> [TASK BRIEF]
Repeat the data in full and exactly. Leave the pictures out.

> [INFORMATION SUPPLIED]
______________________________
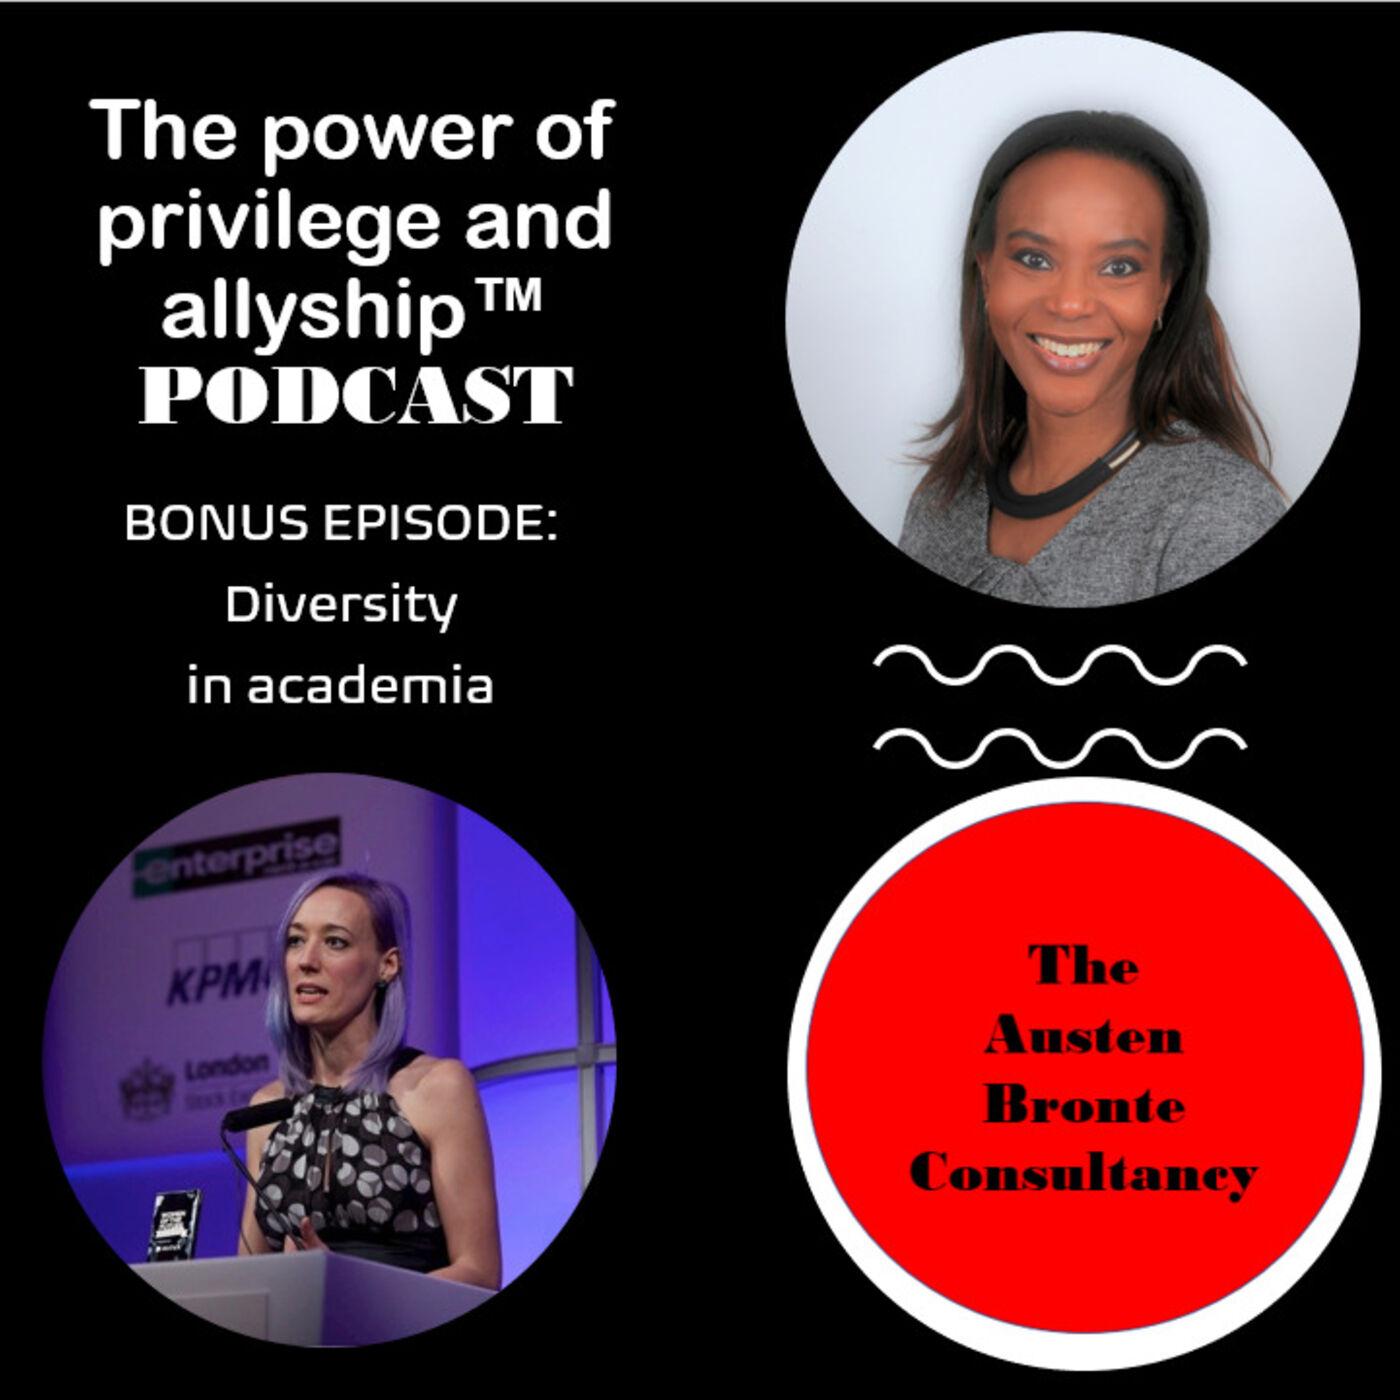 S1 BONUS EPISODE: Diversity in academia feat. Dr. Naomi Thompson
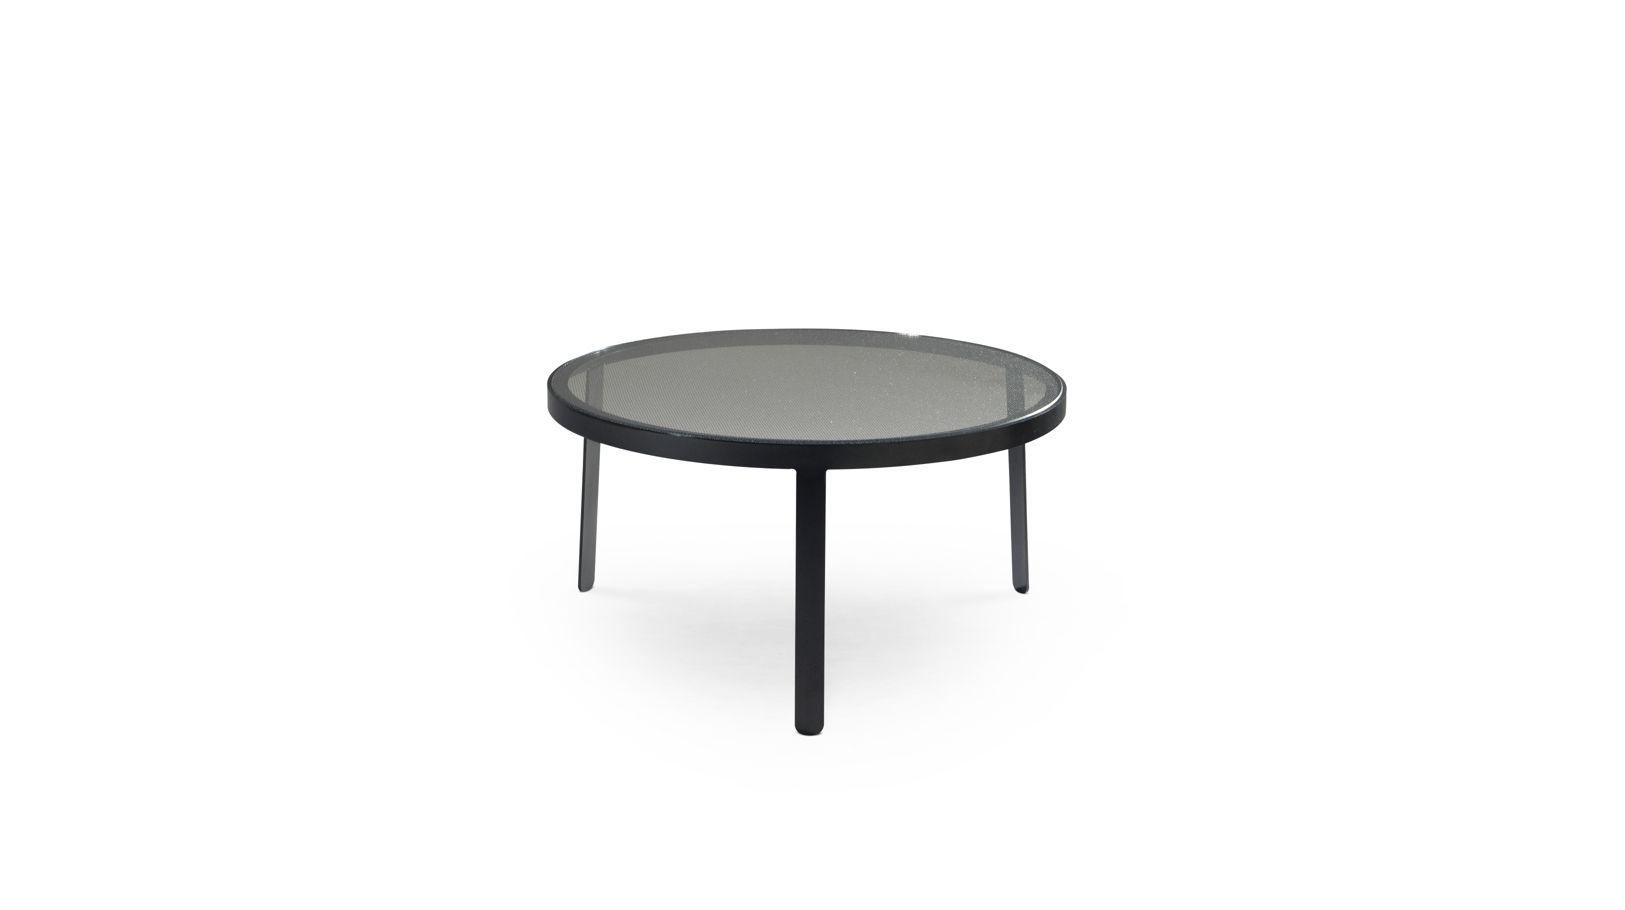 Tavolino fianco divano biz roche bobois for Tavolino divano design
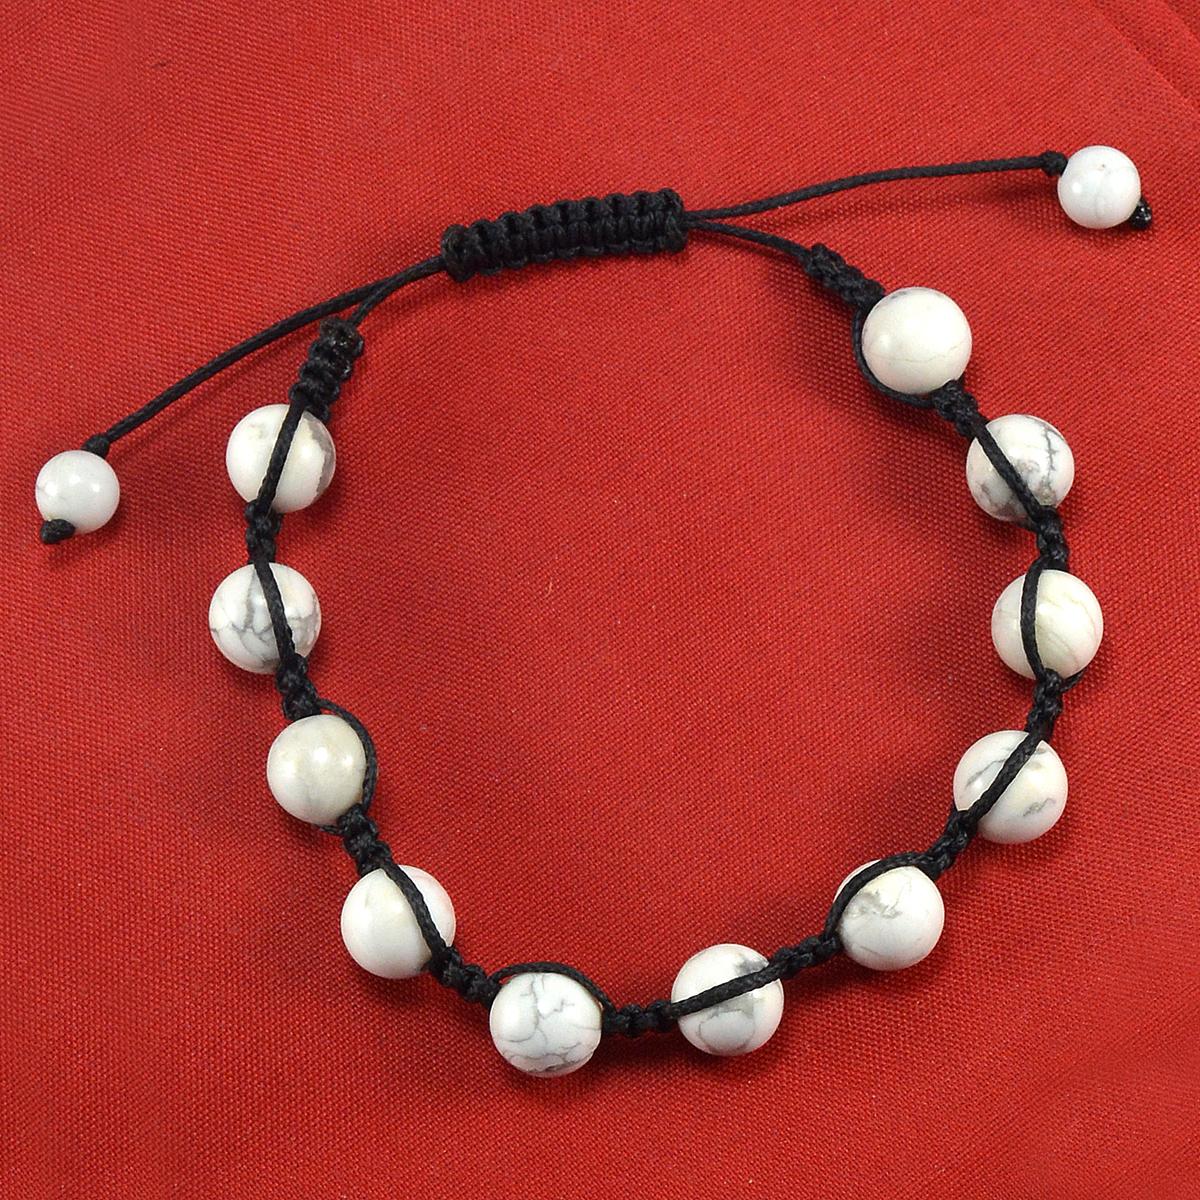 Fantastic- Handmade Jewelry Manufacturer Black Color Cord Howlite Adjustable Jaipur Rajasthan India Bracelet
______________________________
> [WRITTEN REPLY]
 S1 BONUS EPISODE: Diversity in academia feat. Dr. Naomi Thompson
 Tavolino fianco divano biz roche bobois for Tavolino divano design
 Fantastic- Handmade Jewelry Manufacturer Black Color Cord Howlite Adjustable Jaipur Rajasthan India Bracelet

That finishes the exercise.